Memory management in Python involves a private heap containing all
Python objects and data structures. The management of this private heap
is ensured internally by the _Python memory manager_.  The Python
memory manager has different components which deal with various dynamic
storage management aspects, like sharing, segmentation, preallocation
or caching.

At the lowest level, a raw memory allocator ensures that there is
enough room in the private heap for storing all Python-related data by
interacting with the memory manager of the operating system. On top of
the raw memory allocator, several object-specific allocators operate on
the same heap and implement distinct memory management policies adapted
to the peculiarities of every object type. For example, integer objects
are managed differently within the heap than strings, tuples or
dictionaries because integers imply different storage requirements and
speed/space tradeoffs. The Python memory manager thus delegates some of
the work to the object-specific allocators, but ensures that the latter
operate within the bounds of the private heap.

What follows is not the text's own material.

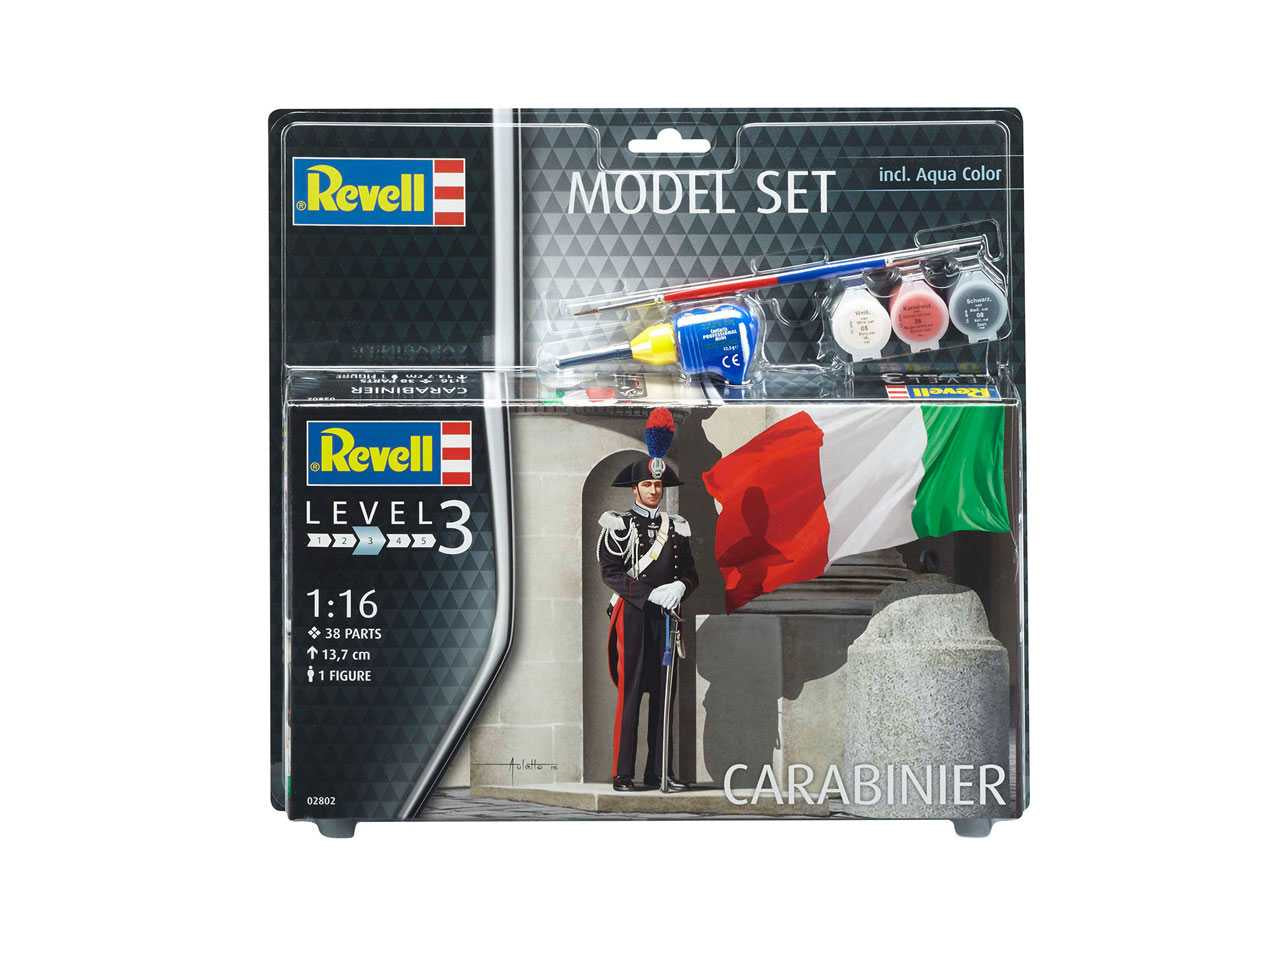 Revell Model Set 62802 Carabinier Includes Paints, Glue & Brush - DC Models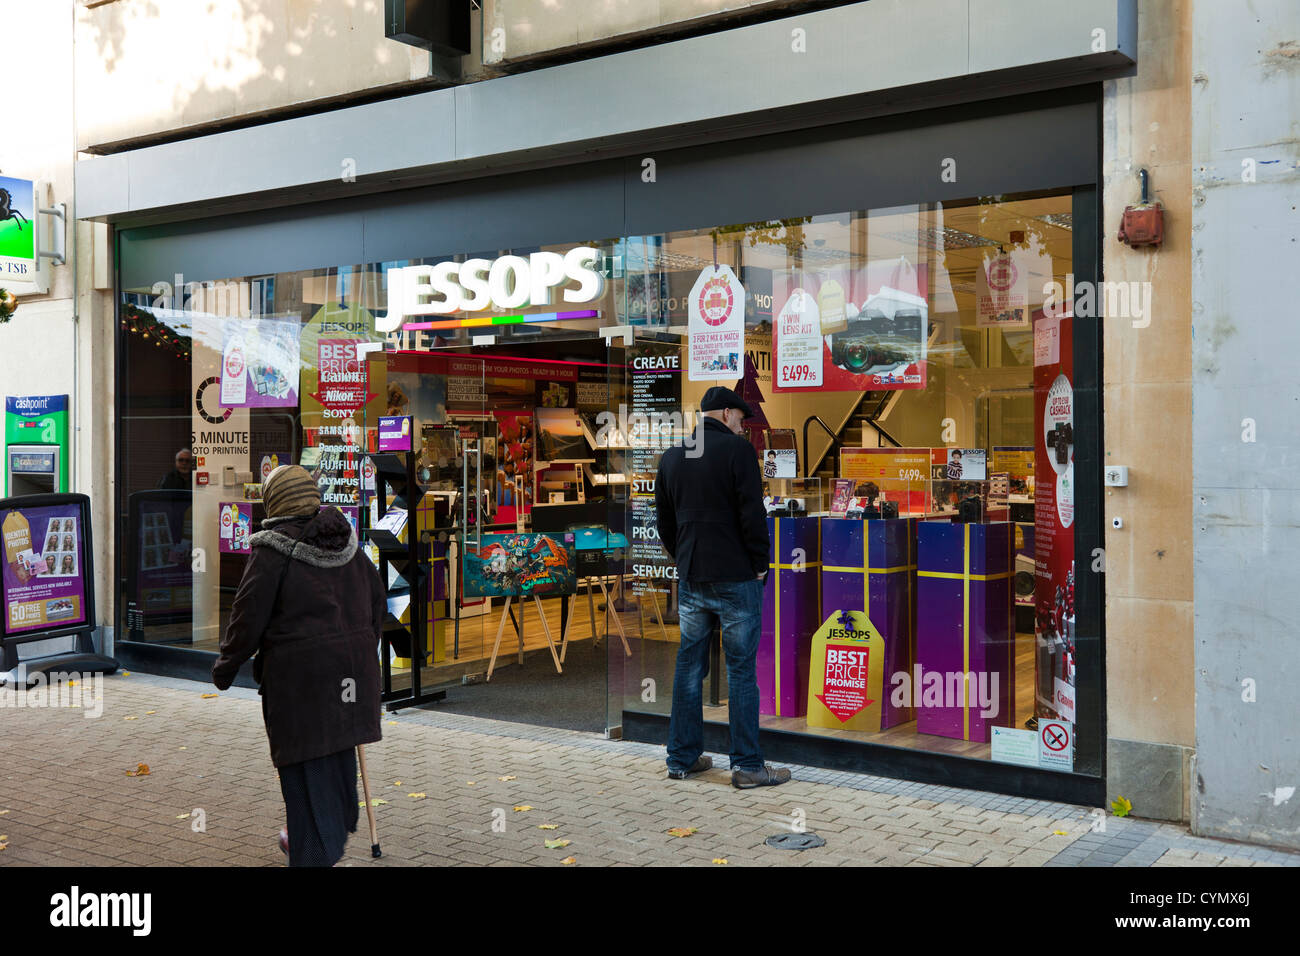 Jessops photographic retailer shop outlet premises in Bristol city center location. Stock Photo

It is important to understand that the management of the Python heap is
performed by the interpreter itself and that the user has no control on
it, even if she regularly manipulates object pointers to memory blocks
inside that heap.  The allocation of heap space for Python objects and
other internal buffers is performed on demand by the Python memory
manager through the Python/C API functions listed in this document.

To avoid memory corruption, extension writers should never try to
operate on Python objects with the functions exported by the C library:
`malloc()' , `calloc()' , `realloc()'  and `free()' .  This will result
in mixed calls between the C allocator and the Python memory manager
with fatal consequences, because they implement different algorithms
and operate on different heaps.  However, one may safely allocate and
release memory blocks with the C library allocator for individual
purposes, as shown in the following example:

         PyObject *res;
         char *buf = (char *) malloc(BUFSIZ); /* for I/O */
     
         if (buf == NULL)
             return PyErr_NoMemory();
         ...Do some I/O operation involving buf...
         res = PyString_FromString(buf);
         free(buf); /* malloc'ed */
         return res;

In this example, the memory request for the I/O buffer is handled by
the C library allocator. The Python memory manager is involved only in
the allocation of the string object returned as a result.

In most situations, however, it is recommended to allocate memory from
the Python heap specifically because the latter is under control of the
Python memory manager. For example, this is required when the
interpreter is extended with new object types written in C. Another
reason for using the Python heap is the desire to _inform_ the Python
memory manager about the memory needs of the extension module.  Even
when the requested memory is used exclusively for internal,
highly-specific purposes, delegating all memory requests to the Python
memory manager causes the interpreter to have a more accurate image of
its memory footprint as a whole. Consequently, under certain
circumstances, the Python memory manager may or may not trigger
appropriate actions, like garbage collection, memory compaction or
other preventive procedures. Note that by using the C library allocator
as shown in the previous example, the allocated memory for the I/O
buffer escapes completely the Python memory manager.